Conversely, I've totally gotten Cs and Ds that I never contested, because I knew damn well that either I was an A student slacking off or I just plain didn't understand the material and was thus earning exactly the right and just grade.


Toddson - Apr 10, 2008 8:26:15 am PDT #4012 of 10001
Friends don't let friends read "Atlas Shrugged"

Has ND seen this?


megan walker - Apr 10, 2008 8:35:39 am PDT #4013 of 10001
"What kind of magical sunshine and lollipop world do you live in? Because you need to be medicated."-SFist

the grade was measured, not by how people in the class did, but rather by how much you individually improved over the course of the semester. While it was terrifying for me, the grade whore, I do have to say it really pushed me. I couldn't just skate by in that class. Though, there aren't many subjects you can do that in.

I tried to do things like that in my beginning French classes, where, yes, the goal was that you come out with X amount of French but where, by default, the false beginners always had better grades than the others for whom it was all new. The problem these days though is that, in order to be as "fair" as possible, grading systems have to be mathmatical formulas spelled out on your syllabus, which can often make the system much less organically fair.

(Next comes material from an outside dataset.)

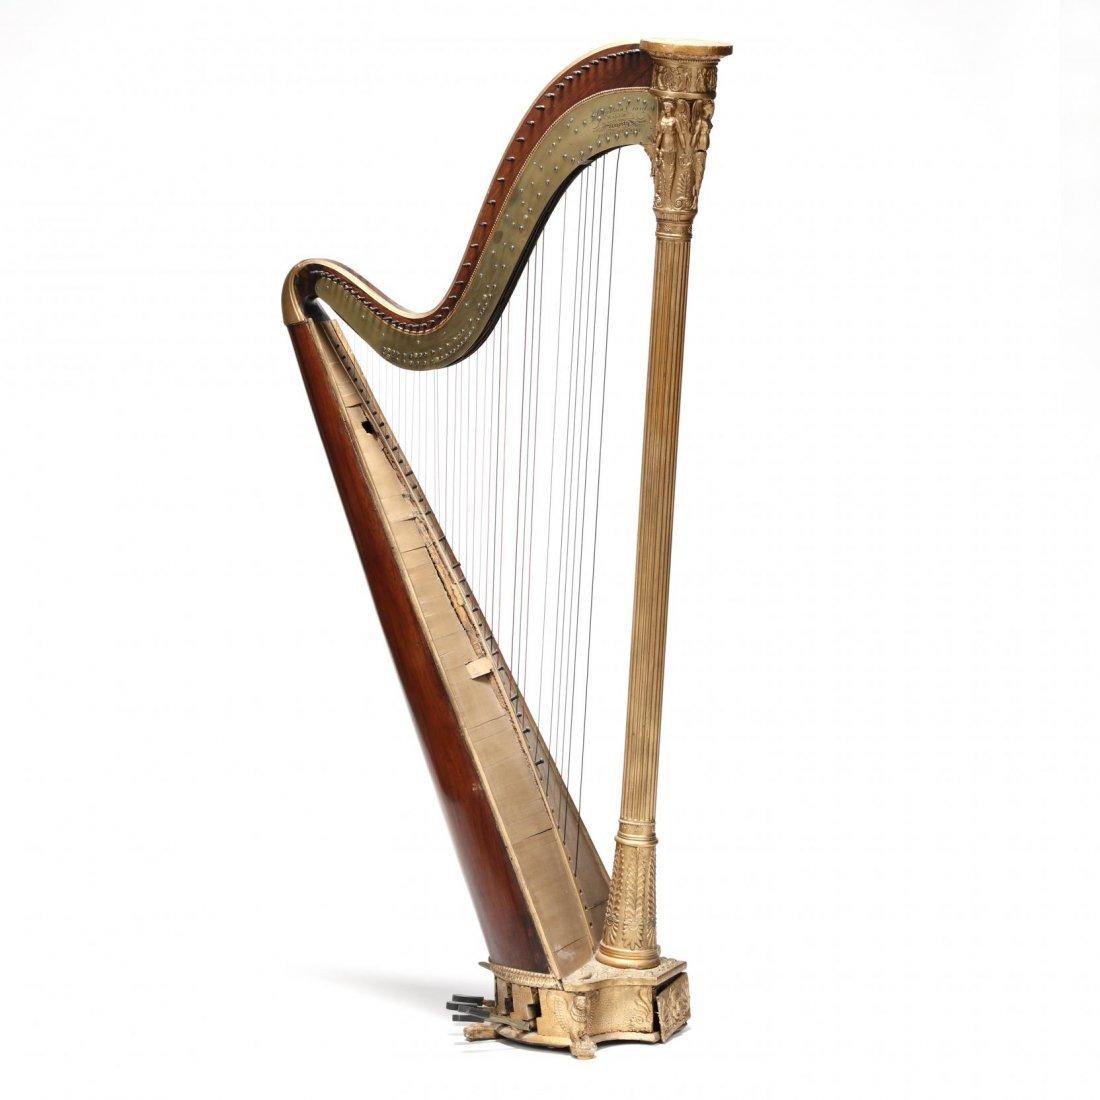 Regency Parcel Gilt Harp by Sebastian Erard

Ginger - Apr 10, 2008 8:49:31 am PDT #4014 of 10001
"It didn't taste good. It tasted soooo horrible. It tasted like....a vodka martini." - Matilda

If you have a refund coming, you don't even have to file an extension.

No, no. You have to file a form 4868 for an extension whether you owe or not. As I recall, you have to give a reason, but "Illness in the family" is more than enough. I have filed many a 4868. My impression is that "The dog ate my tax forms" would also work. If you think you might owe, you can send some wild stab at it, but it's not a big deal. You will have to pay interest on what you owe, but it's low interest.

I got mine done, except for my figuring out how to actually find the money I owe, and then I found out we had an extra month because the county I'm in was declared a disaster area because of the tornado damage.